David Bishai1*, Benjamin Johns2, Amnesty Lefevre2, Divya Nair1, Emily Simons3# and Alya Dabbagh3#
1Department of Population Family and Reproductive Health, Johns Hopkins Bloomberg School of Public Health, Baltimore, USA
2Department of International Health, Johns Hopkins Bloomberg School of Public Health, Baltimore, USA
3Department of Immunization, Vaccines and Biologicals, World Health Organization, Geneva Switzerland
#The author is a staff member of the World Health Organization. The author alone is responsible for the views expressed in this publication and they do not necessarily represent the decisions, policy or views of the World Health Organization.
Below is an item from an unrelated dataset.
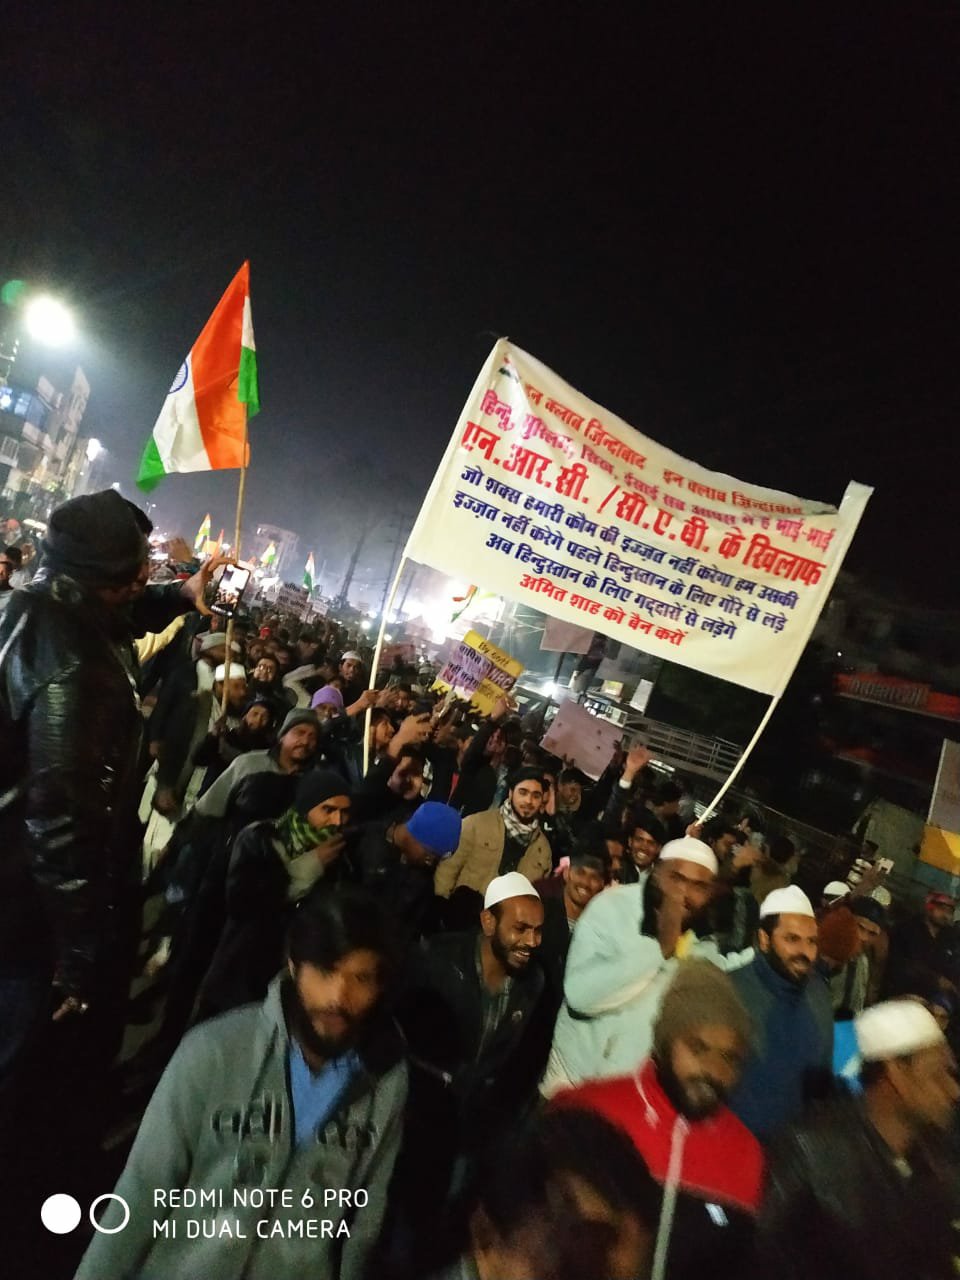 एनआरसी एवं सीएए कानून के खिलाफ भोपाल में उमड़ा जन सैलाब, शांतिपूर्वक निकाली गई रैली | New India Times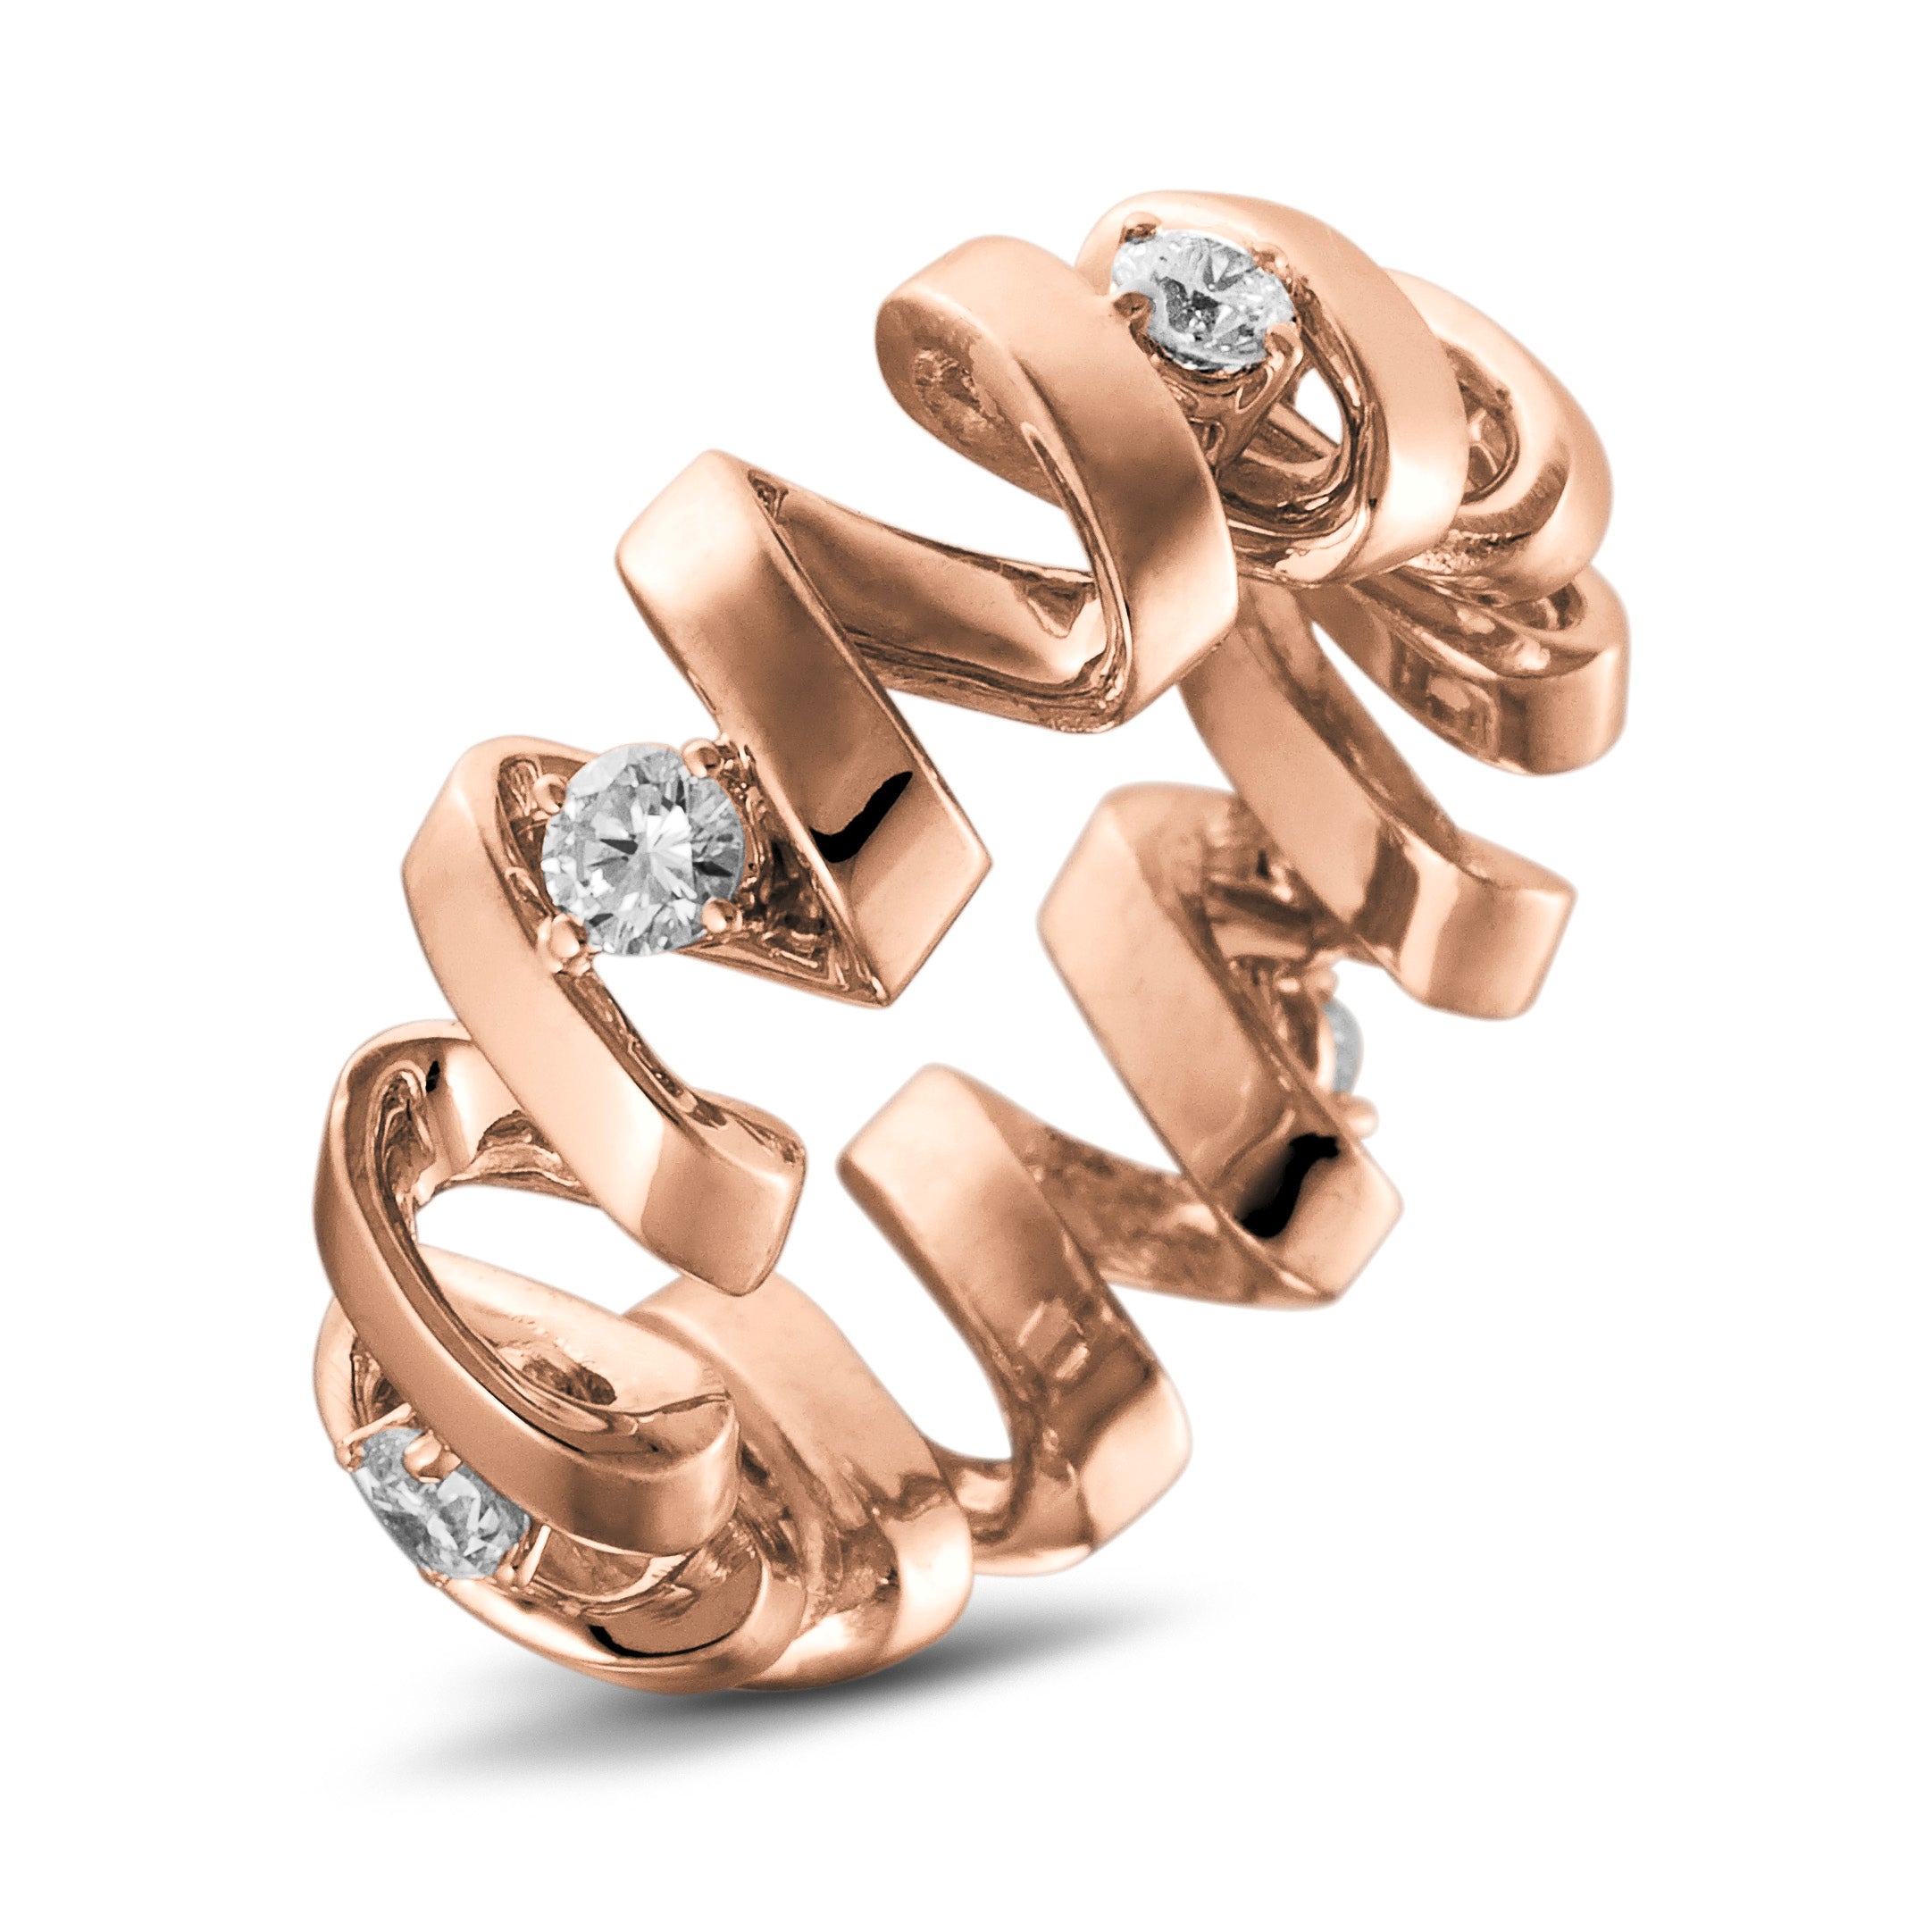 Alliance Tourbillon de la Vie "Femme" en or 18 carats empierrée de diamants 0,60 carats

Corresponding Author : David Bishai
Department of Population Family and Reproductive Health
Johns Hopkins Bloomberg School of Public Health, Room E4622
615 N. Wolfe St., Baltimore, MD 21205, USA
Tel: +1-410-955-7807
Fax: +1 410-955-2392
E-mail: [email protected]
Received May 15, 2012; Accepted May 22, 2012; Published May 30, 2012
Citation: Bishai D, Johns B, Lefevre A, Nair D, Simons E, et al. (2012) Measles Eradication versus Measles Control: An Economic Analysis. J Vaccines Vaccin S3:002. doi:10.4172/2157-7560.S3-002
Copyright: © 2012 Bishai D, et al. This is an open-access article distributed under the terms of the Creative Commons Attribution License, which permits unrestricted use, distribution, and reproduction in any medium, provided the original author and source are credited.

Abstract

Background: Policy makers choosing whether to eradicate or control measles need to know about the costs of eradication and its alternatives. Methods: This project used a dynamic age-tiered measles transmission model for 6 countries (Bangladesh, Brazil, Colombia, Ethiopia, Tajikistan, and Uganda), which was extrapolated to a linear model that was applied globally. Policy options were constant vaccine coverage at 2010 levels, eradication by 2020, eradication by 2025, 95% mortality reduction by 2015, and 98% mortality reduction by 2020. We compared cumulative discounted societal costs, caseloads, lives, and disability adjusted life years (DALYS) saved with each policy option from 2010 to 2050. Sensitivity analysis tested robustness to parameters. Findings: Strategies to eradicate measles in Bangladesh, Ethiopia, and Uganda cost more than twice as much as control strategies, but have similar costs per DALY averted. More generally, in low and middle income countries that have not yet eliminated measles, the incremental cost effectiveness of control at $20 to $25 per measles death averted is similar to eradication at $22 to $24 per measles death averted. For high income countries that have not yet eliminated measles, eradication by 2020 would prevent deaths and save $800 million more than measles control from 2010-2050 due to averted costs of outbreaks. Interpretation: Measles eradication and measles control are both cost effective. Measles control and eradication have equivalent costs per life saved in low income countries, but high income countries derive savings only if measles is eradicated and imported cases stop.